Rouhani, Surrogate Losing Ground or Messenger of New Approach?
A recent story by Fars News Agency is decorated with a photo of a bent-down Hassan Rouhani, collecting his cloak while walking against a lightly blurred background of what seems to be a seminar in which former presidents Rafsanjani and Khatami see him off as he is apparently going to a podium. The report is all about what has been the “surrogate” that Rouhani and his presidency allegedly are, to use the words of reformist politician Ebrahim Asgharzadeh, uttered early after Rouhani took office, as Fars does.
The rumors in the air are that Rouhani is distancing himself from his two main supporters, kingmakers Rafsanjani and Khatami, and is thus being under increasing pressure to withdraw from next year’s presidential race. The principlists have constantly warned Rouhani that the coalition between Rafsanjani and the reformists sees him as a surrogate to incubate their own embryo-- a vague description that might explain what the principlists fear to signify more fundamental reforms.
On Saturday, Arman daily, linked with Hashemi Rafsanjani, published a report on a roundtable it held between reformist political commentator Sadegh Zibakalam and Abdolreza Davari, one of ex-president Ahmadinejad’s insiders. Davari says both reformism and principlism are dead. Instead, he puts forward binary labels based on revolutionary values. “Former reformists advocate change inside but have no belief in change in the international sphere and seek integration with the global system,” he said in his definition of the non-revolutionary faction which includes Hashemi Rafsanjani and Mohammad Khatami. On the other side, he says, stands the revolutionary stream which is “inclined toward conservatism inside ... seeking change in international relations”. In response to Zibakalam’s dichotomy of authoritarianism and democracy, Davari said the real conflict in Iran lies between the center and the suburbs, as Ahmadinejad believes.

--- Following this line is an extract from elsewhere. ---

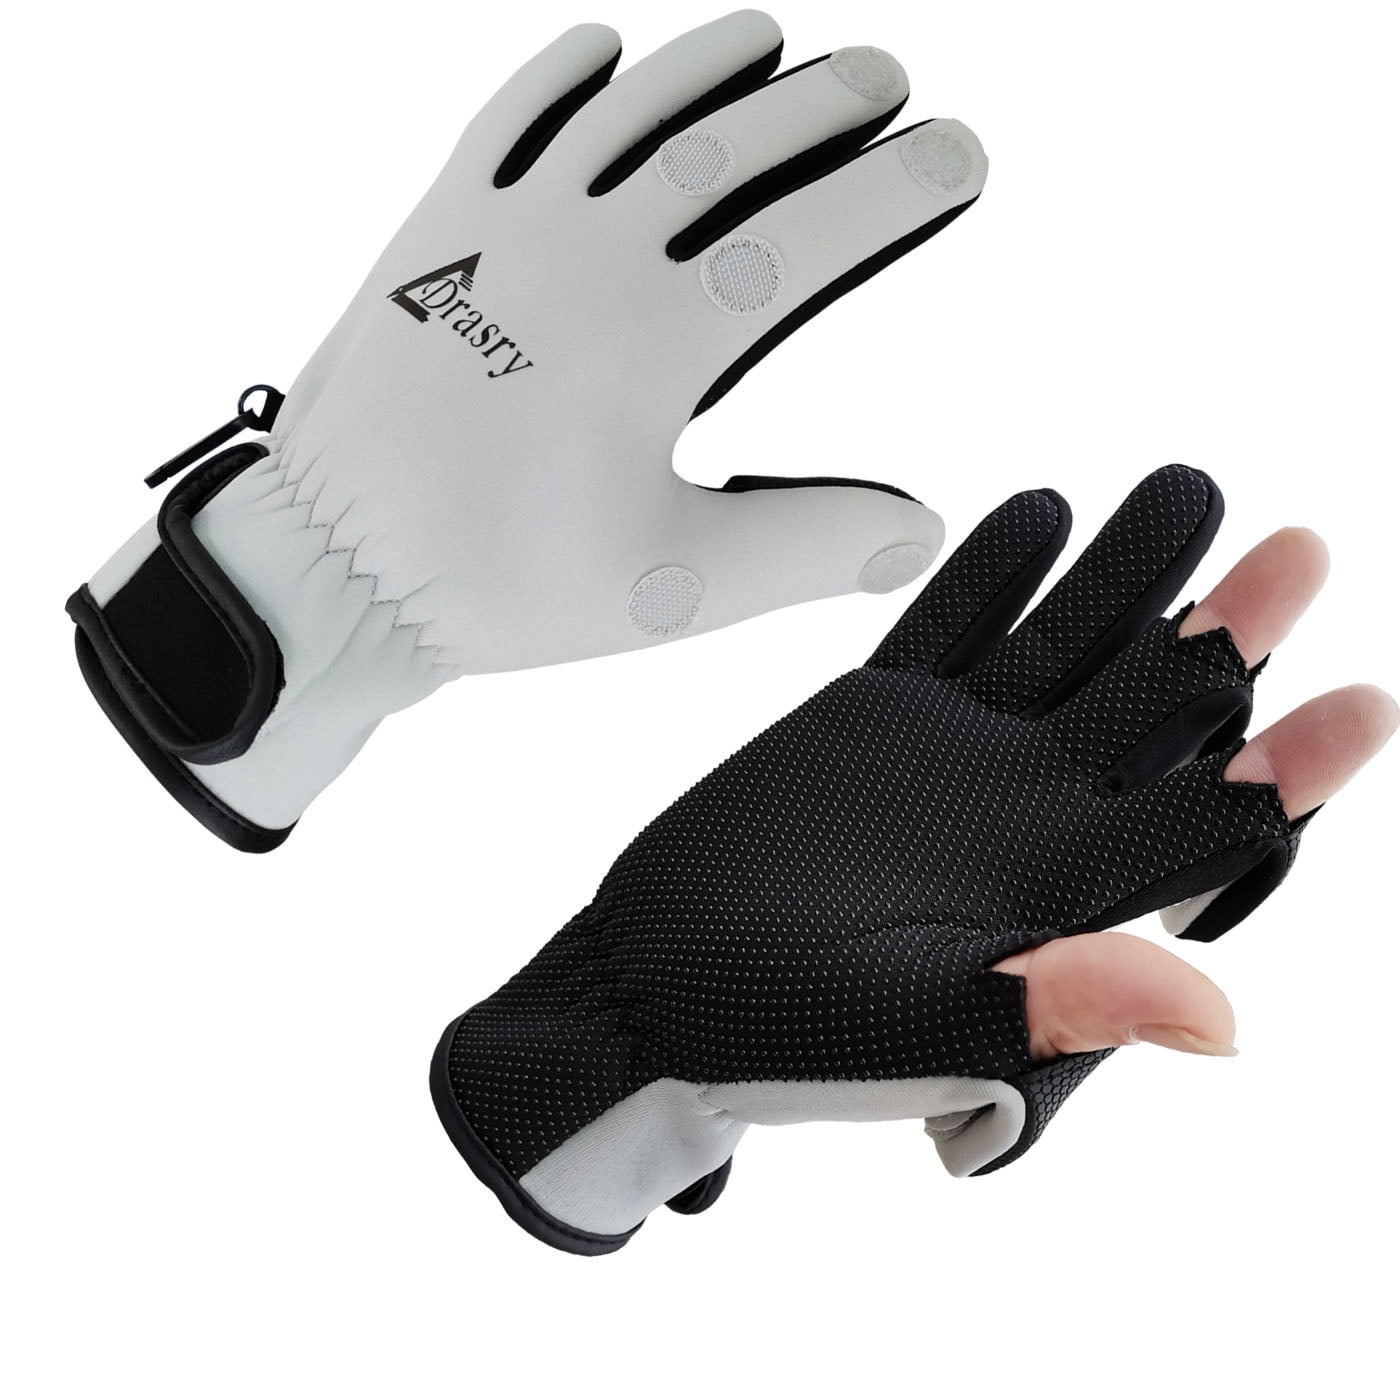 Drasry Neoprene Gloves Touchscreen 3 Cut Fingers Warm Cold Man

Asked about how an election with Rouhani and Ahmadinejad competing would go, Zibakalam said: “Ahmadinejad will openly rub it in Rouhani’s face that people’s lives have not improved. The truth is, despite the wide rift existing between the principlists and Ahmadinejad, they will have no choice but to put everything aside and back him. Of course, if they care about Iran’s future, they will not follow Ahmadinejad. Clearly, by the moment of speaking, the principlists have lost the 2017 election.” Elsewhere in his remarks he noted that if Rouhani fails to take effective measures in economy, leaving eight million people jobless, stagnation unresolved and corruptions surviving, Ahmadinejad and the principlists will have a better chance. Zibakalam, who considers the reformists’ victory unconditional in the absence of Ahmadinejad, says the real questions are whether Rouhani wants to run and whether the reformists back him again. “Perhaps Rouhani should declare that he has had a mission, namely the nuclear deal, that he has accomplished and thus managed to handle the duty the people put on his shoulders; that he has no interest to run for president but introduces someone and starts working in the assembly of experts,” Zibakalam said. “If he does so, he would become a kingmaker. Rouhani would better endorse Aref or Zarif in 2017. If the plan takes place, the reformists will have higher chances,” he added. He ended his remarks on a high note about Ahmadinejad. “Ahmadinejad, if he runs, will ruin everything like a tank. He comes and says my rival has supporters who have looted the nation’s resources; Rouhani has no place and it is Hashemi who is behind him and the reformists; the election is Hashemi’s battle against me … and he will try to play Robin Hood”.
Back in the Fars article published today, the so-called report argues that the pressure on Rouhani to step down at the end of his tenure comes from the reformist camp. The core of the argument is based on Hashemi Rafsanjani’s remarks made in February in which he advised those well-known disqualified parliamentary candidates to endorse new faces, just as he backed Rouhani who, he said, was polled to have 3 percent of the ballots but won 50 percent within a week. Self-contradictory as it may seem, the article quotes Rouhani, in response to an unnamed prominent cleric who allegedly wanted to encourage him to withdraw in favor of other candidates, as saying “I no longer want to be the second man”.
Iran’s reformist-principlist flip-flop might take different names but will continue to be decisive in every election. Is Rouhani’s moderation formula a temporary relief or the building block of a completely new approach?